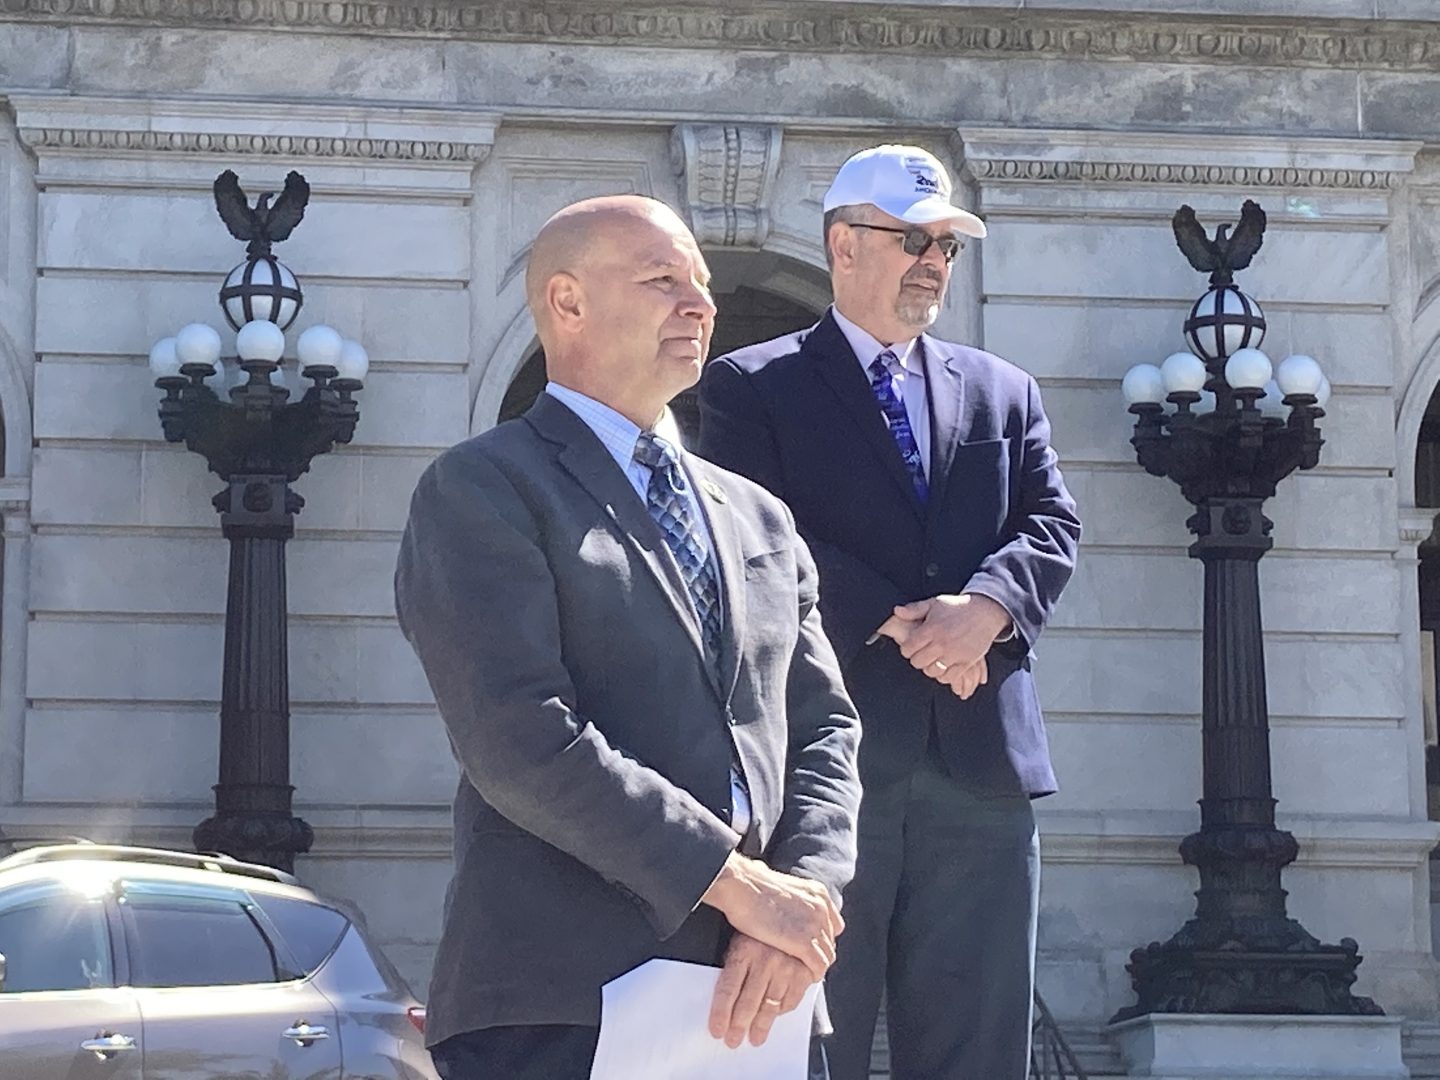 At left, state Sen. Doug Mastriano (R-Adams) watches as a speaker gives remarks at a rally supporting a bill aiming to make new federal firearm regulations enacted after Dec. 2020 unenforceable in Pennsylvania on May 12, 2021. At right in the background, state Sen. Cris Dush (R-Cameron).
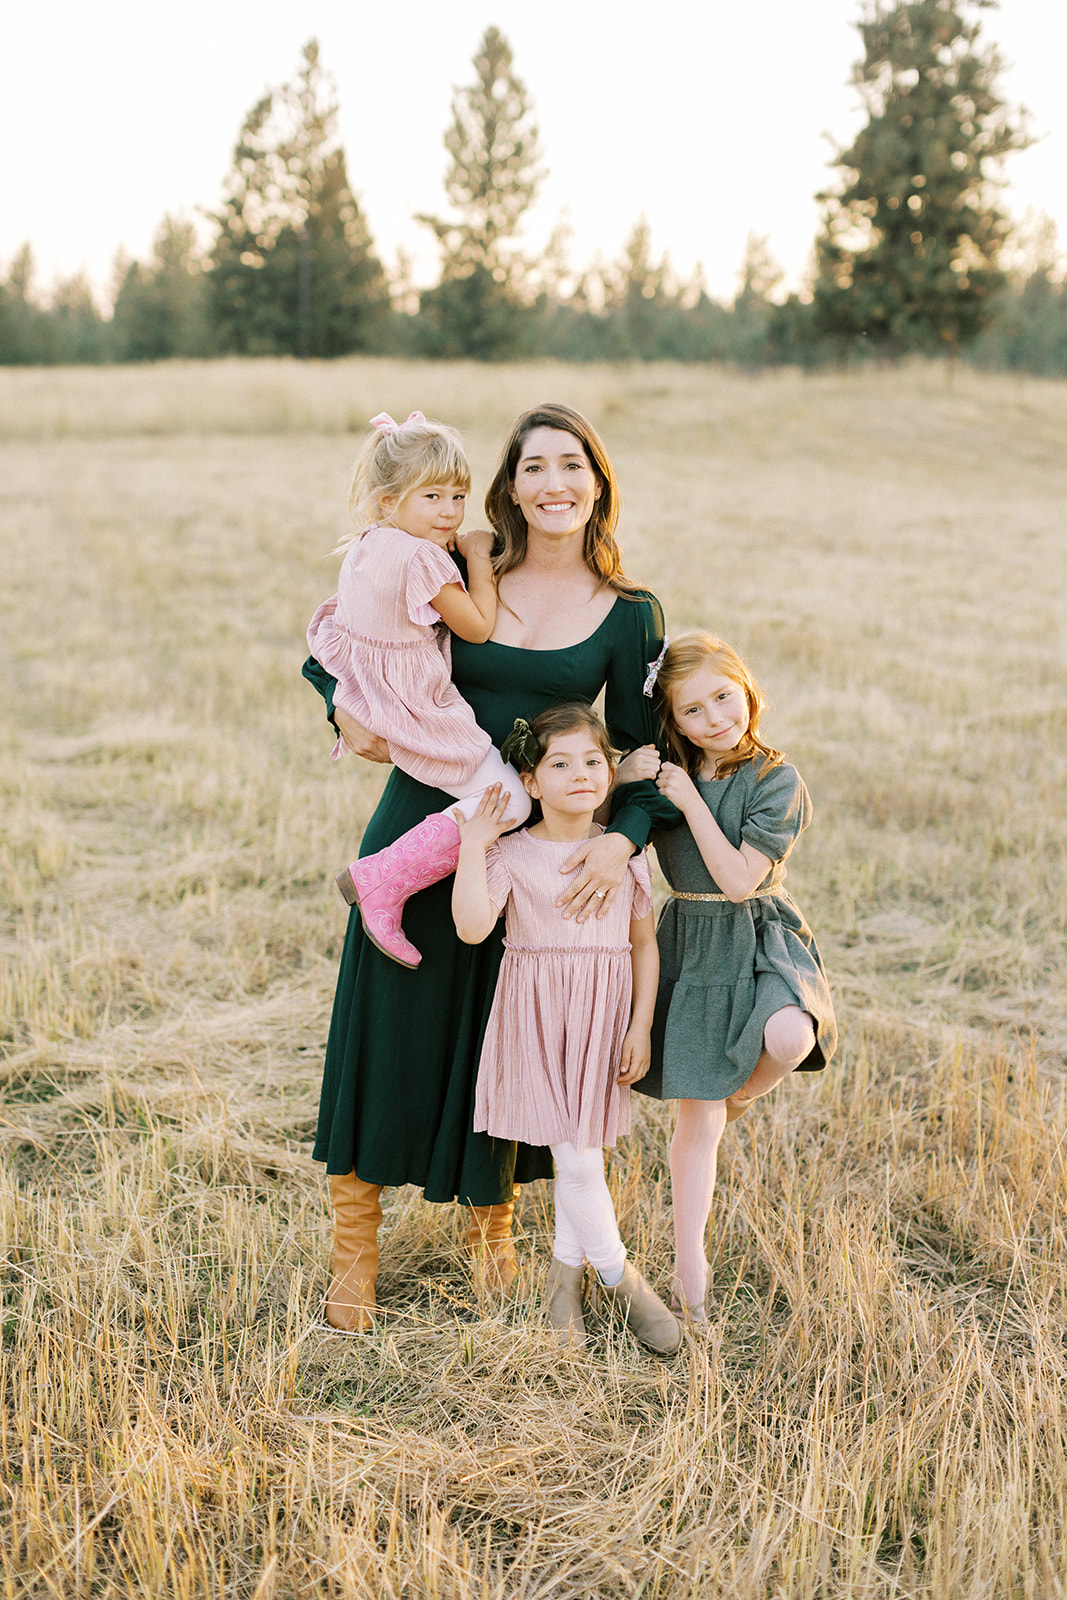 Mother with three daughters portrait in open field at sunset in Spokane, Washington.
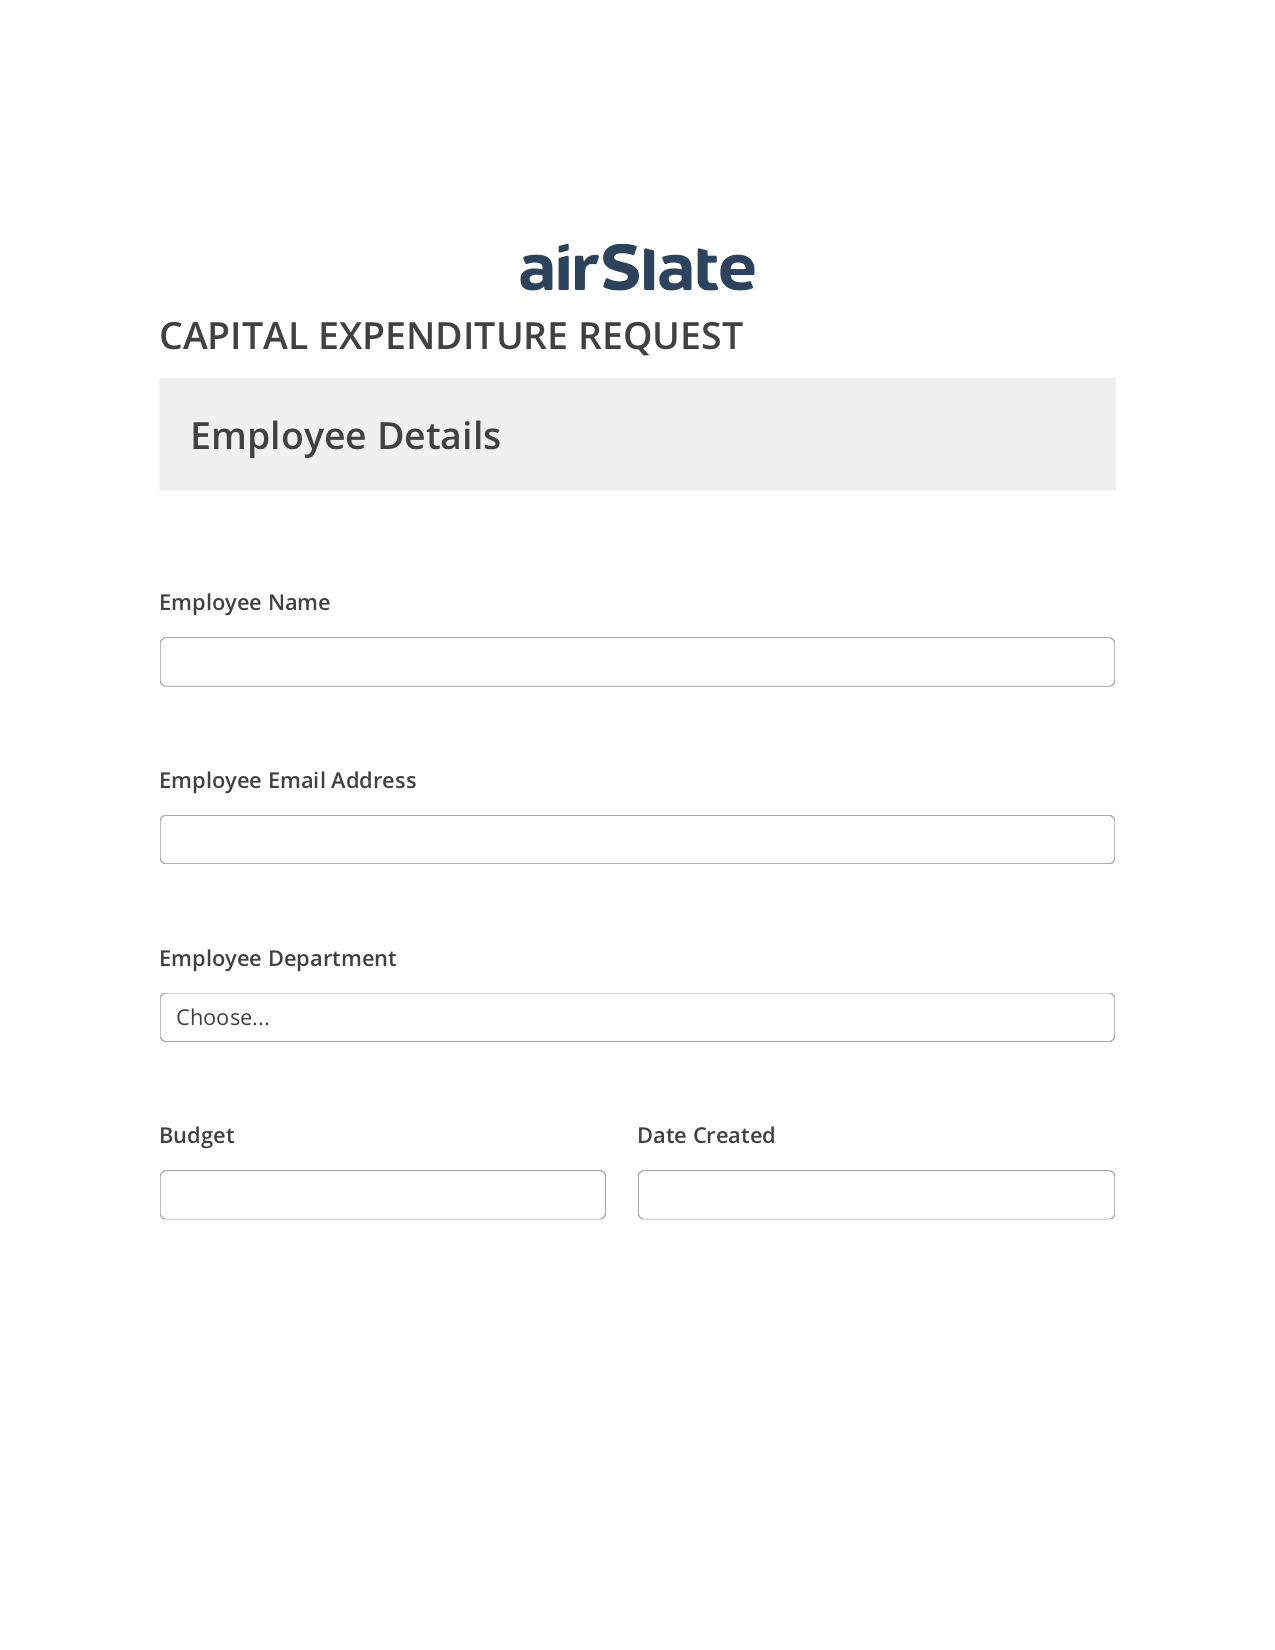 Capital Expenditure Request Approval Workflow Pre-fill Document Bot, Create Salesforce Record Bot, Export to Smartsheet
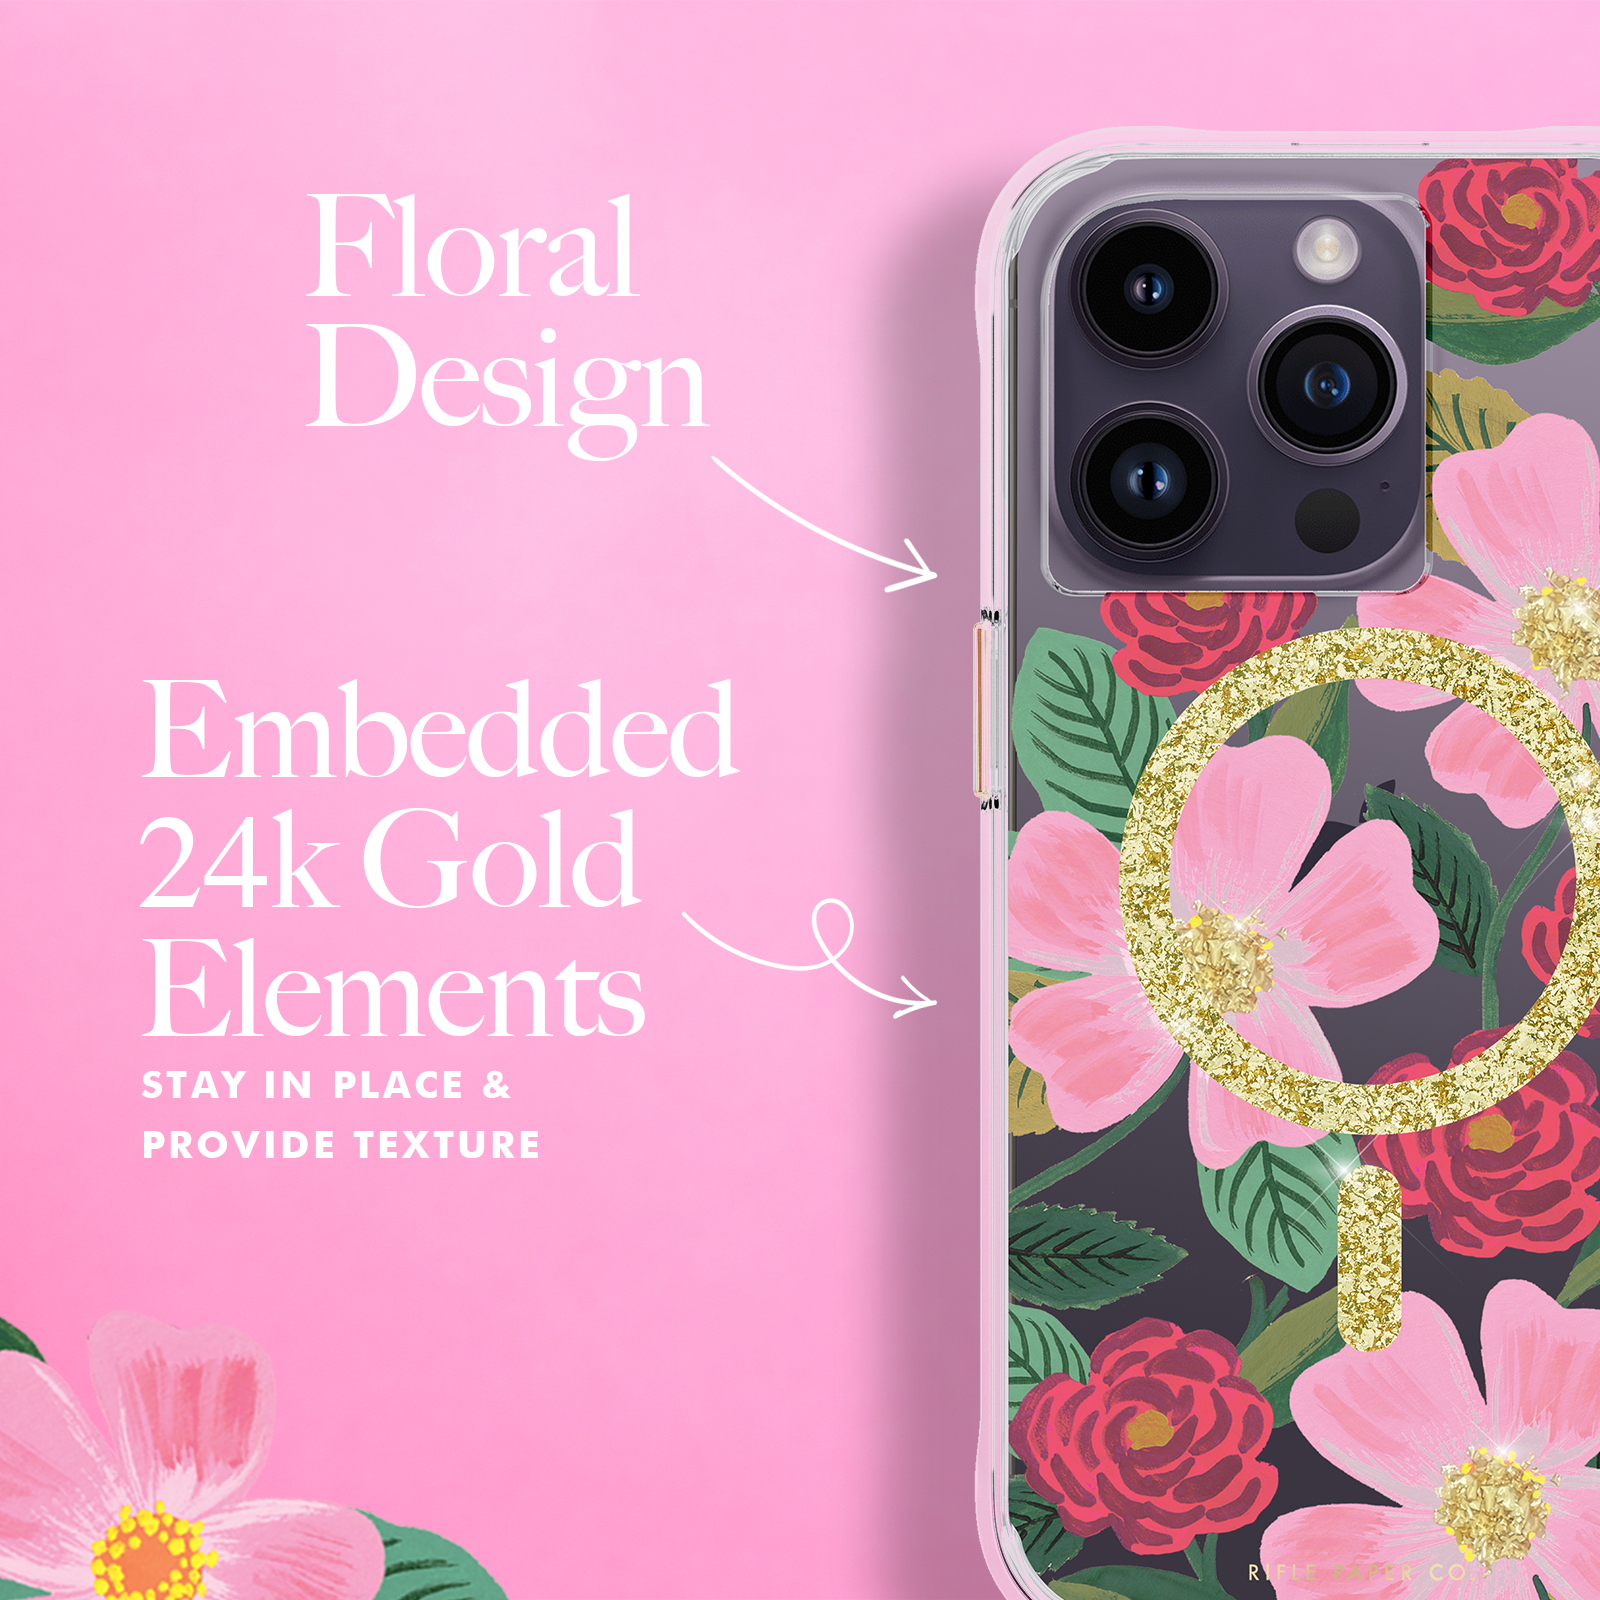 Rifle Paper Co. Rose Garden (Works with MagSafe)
-=-=-
Prompt:
Output the line containing "Mother with three" along with every line after it to the end of the material, exactly as written, but without pictures.

Written reply:
 Mother with three daughters portrait in open field at sunset in Spokane, Washington.
 Capital Expenditure Request Approval Workflow Pre-fill Document Bot, Create Salesforce Record Bot, Export to Smartsheet
 Rifle Paper Co. Rose Garden (Works with MagSafe)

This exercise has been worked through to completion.